23.04.2024

Younger Americans likely drove the recent string of historic election victories

America saw three firsts this week: the first openly transgender person-Danica Roem-to be elected to a state legislature; the first black transgender woman-Andrea Jenkins-to be elected to a city council; and the first Sikh-Ravi Bhalla-to be elected a city mayor in New Jersey.

That such progressive candidates won might seem surprising in Donald Trump’s America. He ran on the “Muslim ban”, after all. Since he has come to power, courts have held him back on that ban and his trans military ban, but he has been able to get the justice department to start investigating universities on affirmative action.

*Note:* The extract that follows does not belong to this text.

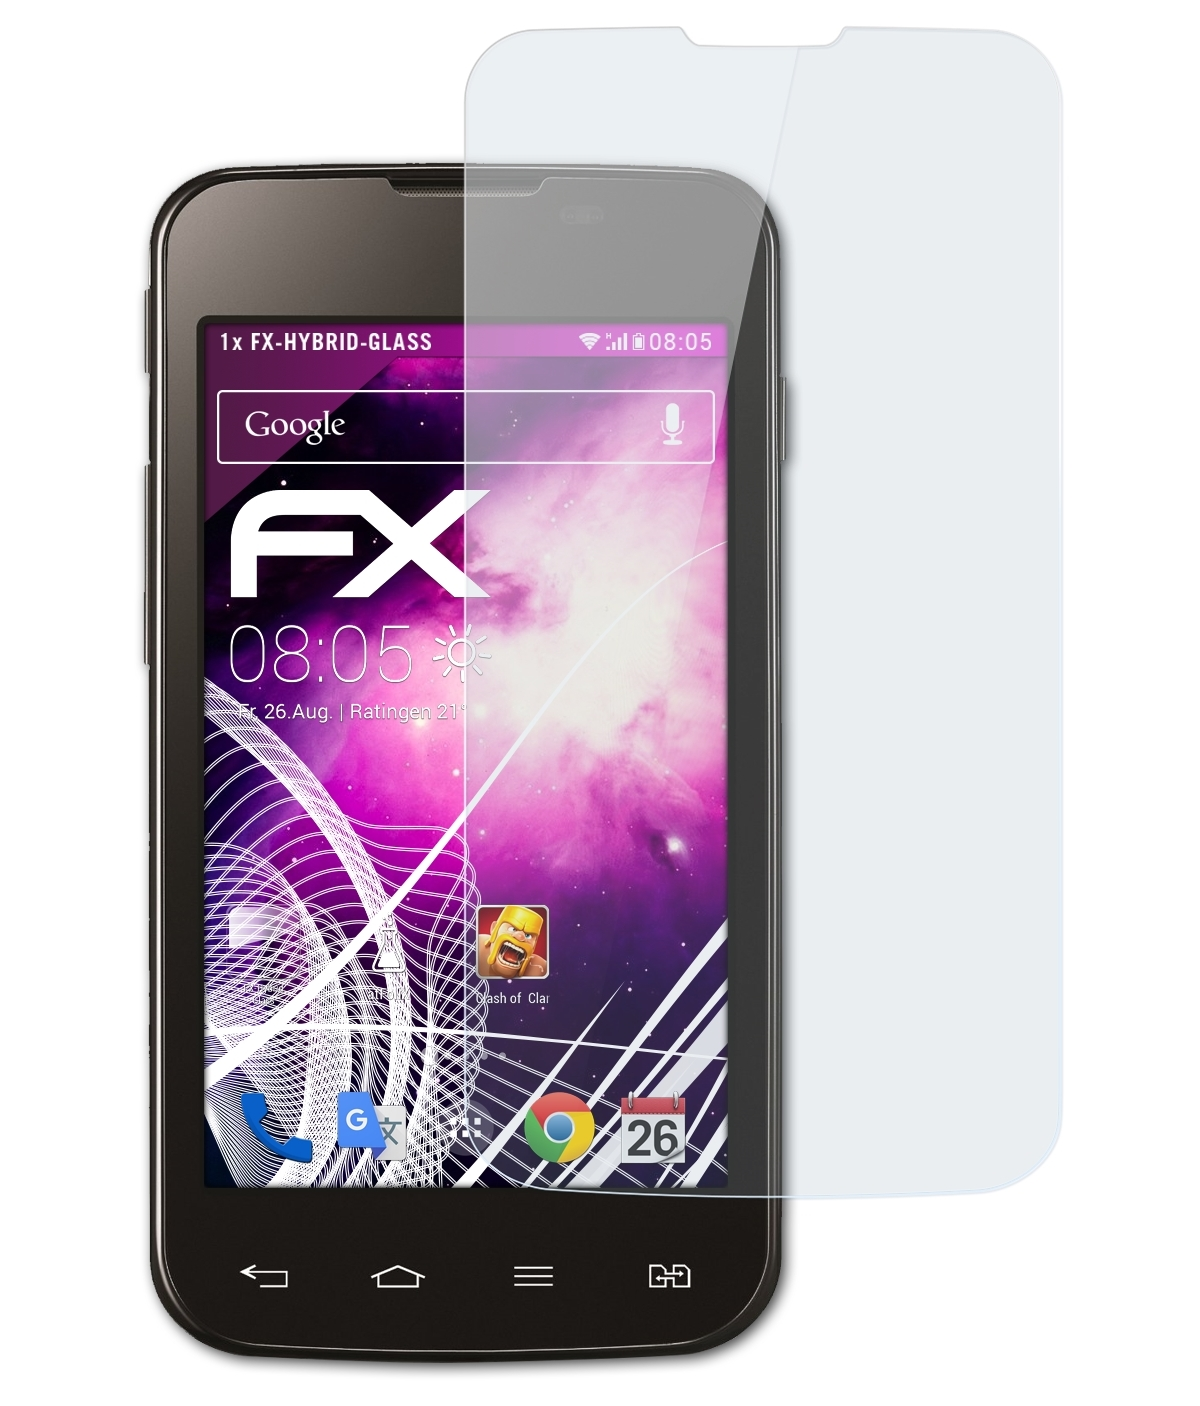 ATFOLIX FX-Hybrid-Glass Schutzglas(für LG Optimus L5 II Dual (E455))

Perhaps it is the severity of Trump’s positions on minorities that led to a recent string of historic, progressive election victories. And one demographic is likely the driver: young Americans.

The official state turnout figures in Virginia, for example, show that the winning Democratic governor candidate Ralph Northam got 1.4 million votes, 400,000 more votes than his Republican rival Ed Gillespie. Though we don’t have official figures about the demographics yet, a Washington Post exit poll showed that Northam won 69% of the vote among 18-29 year-olds compared to Gillespie’s 30%. Better still, Northam got 15% more of the vote in that demographic than Hillary Clinton did during the 2016 presidential elections.

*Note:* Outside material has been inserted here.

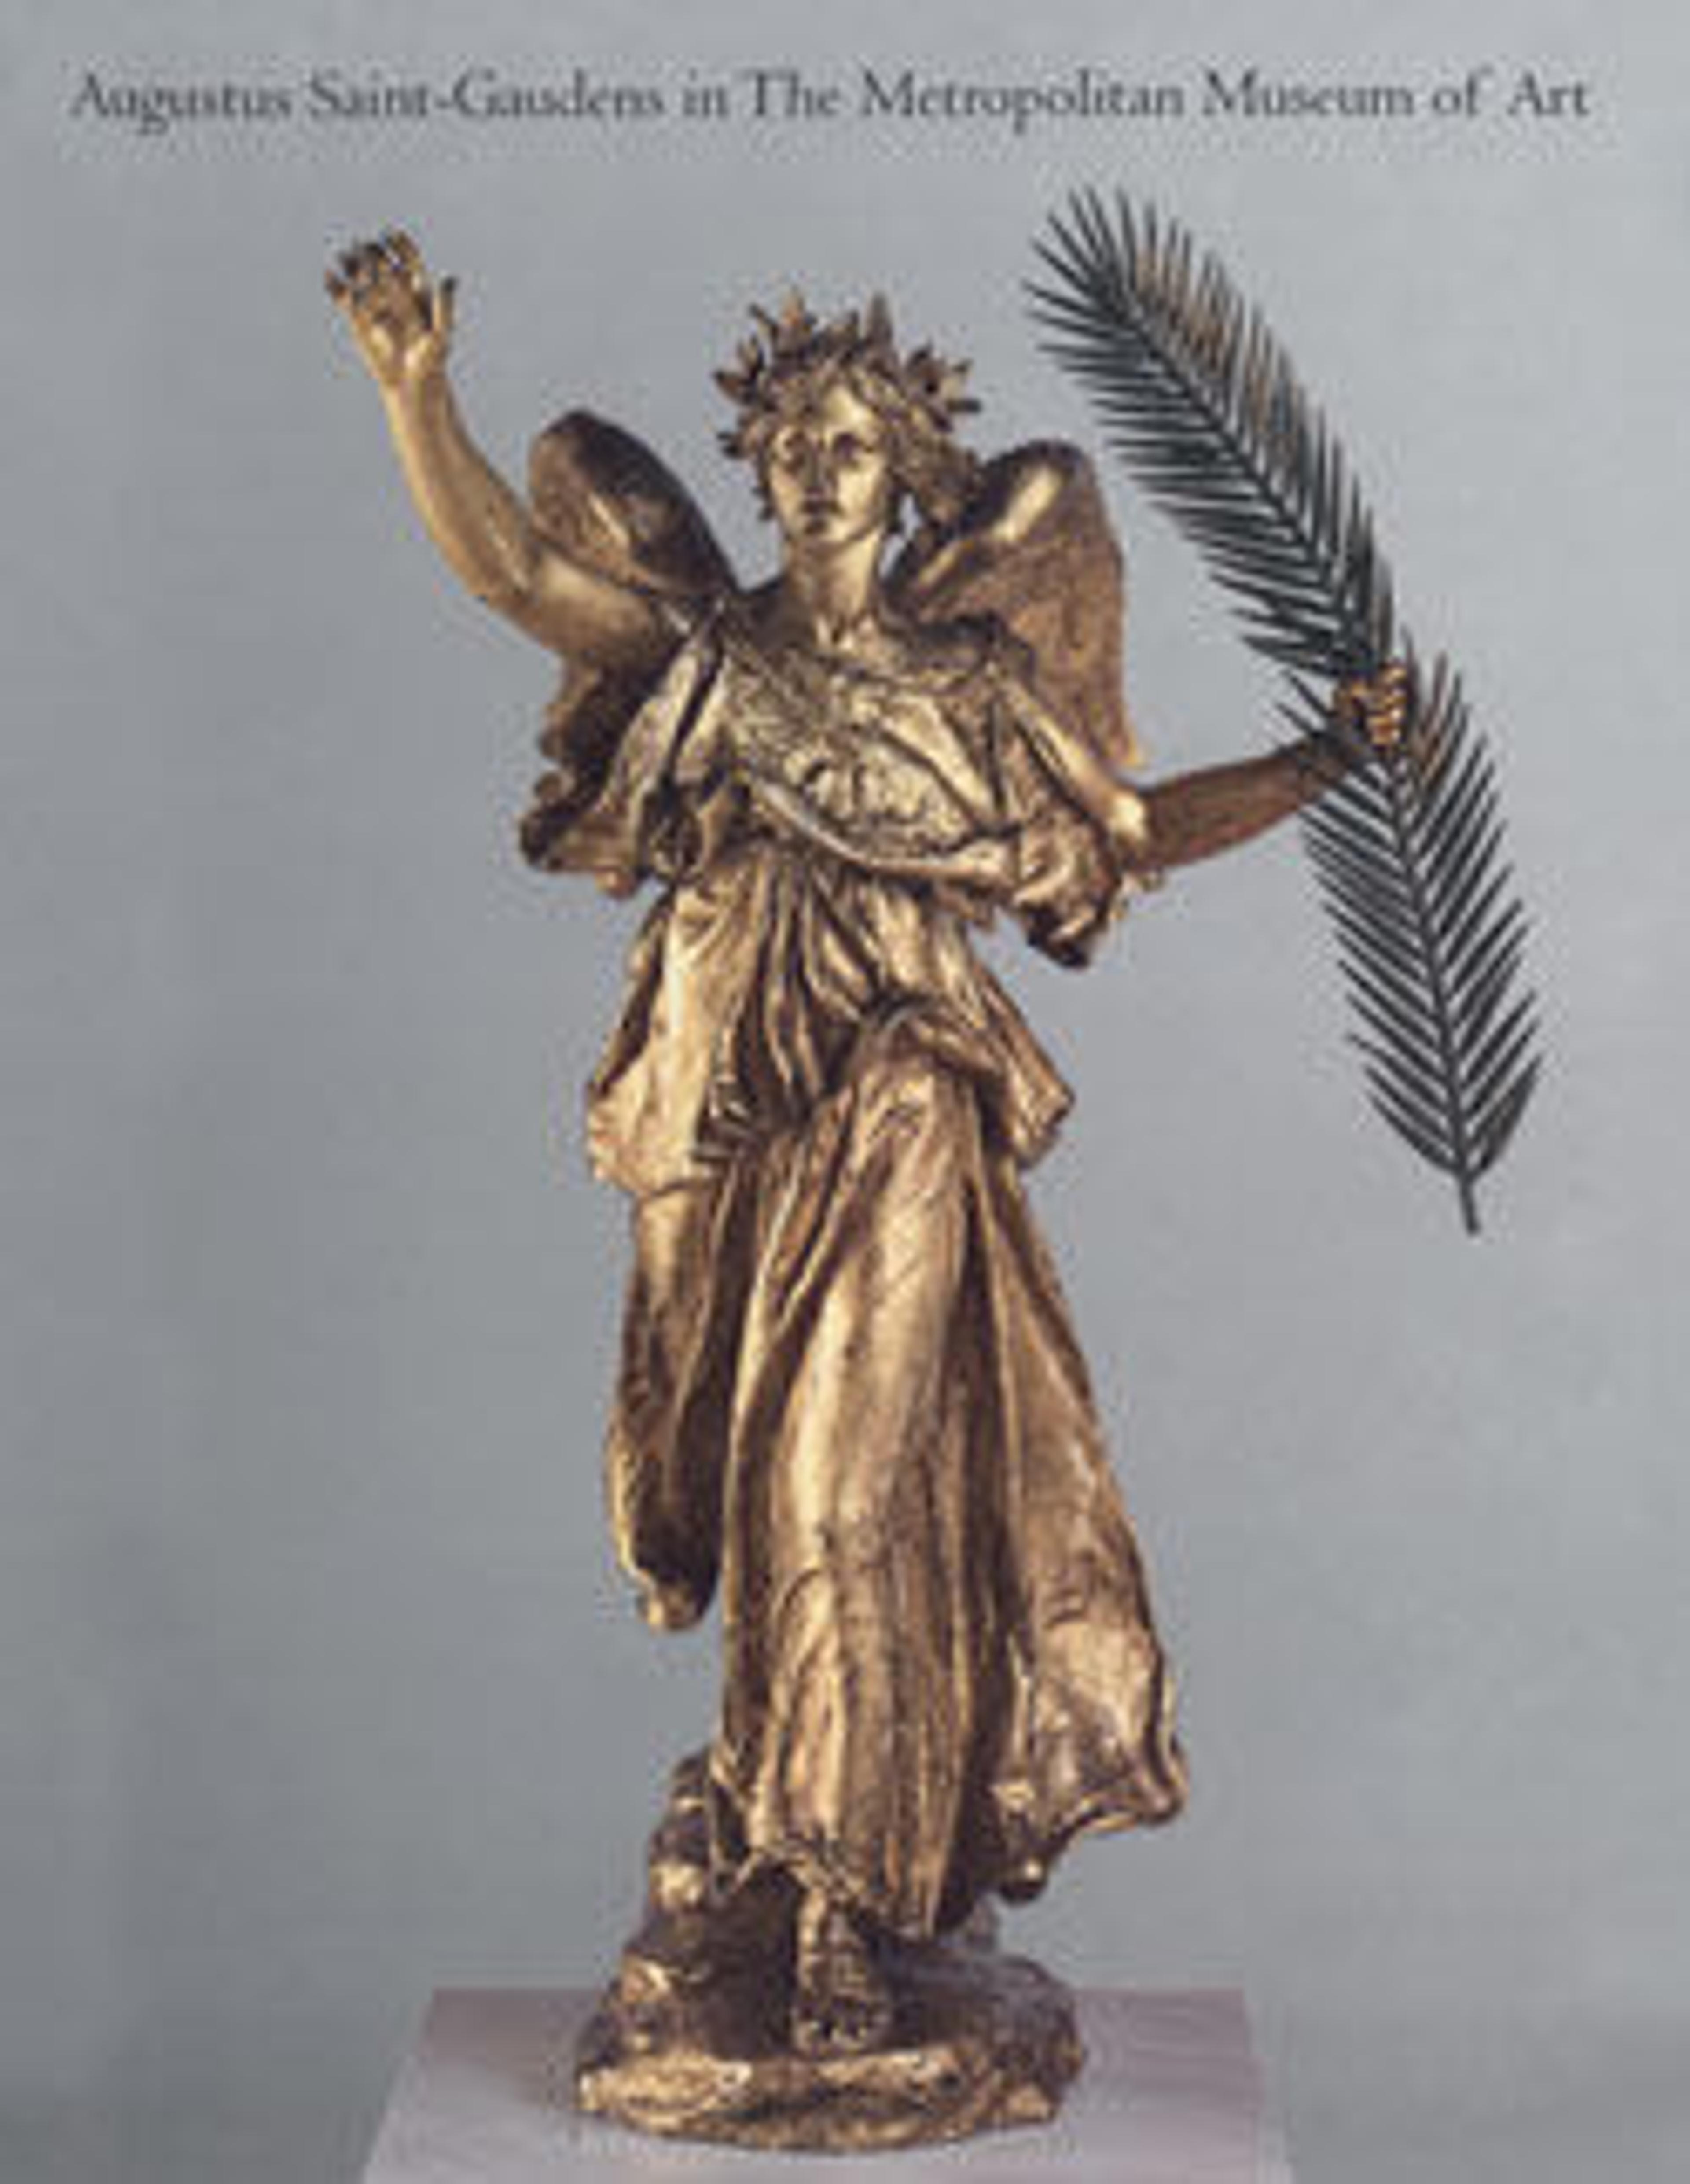 Augustus Saint-Gaudens in The Metropolitan Museum of Art

In Virginia, the youth voter turnout skyrocketed from 17% in 2009 to 34% in 2017, according to the Center for Information Research on Civic Learning and Engagement. Though the same wasn’t true in all states: New Jersey, which was also electing a governor, saw youth turnout stay the same between 2009 and 2017.

Young people seem generally more open to socially progressive views. A Pew poll published in Octobers showed that 83% of 18- to 29-year-olds said homosexuality “should be accepted by society” compared to 58% of those aged 65 and older.

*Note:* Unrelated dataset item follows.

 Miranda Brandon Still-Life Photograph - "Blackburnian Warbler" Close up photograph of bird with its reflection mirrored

But voters, and candidates, didn’t necessarily focus on identity in the ballot box. Roem, who became the first transgender person to be elected to a state legislature, made transportation and infrastructure her main issues. “Her victory was unquestionably historic”, Gregory Angelo, the president of the Log Cabin Republicans (the nation’s leading conservative LGBT advocacy group), told PBS. “What’s interesting to me is she made history without even trying.”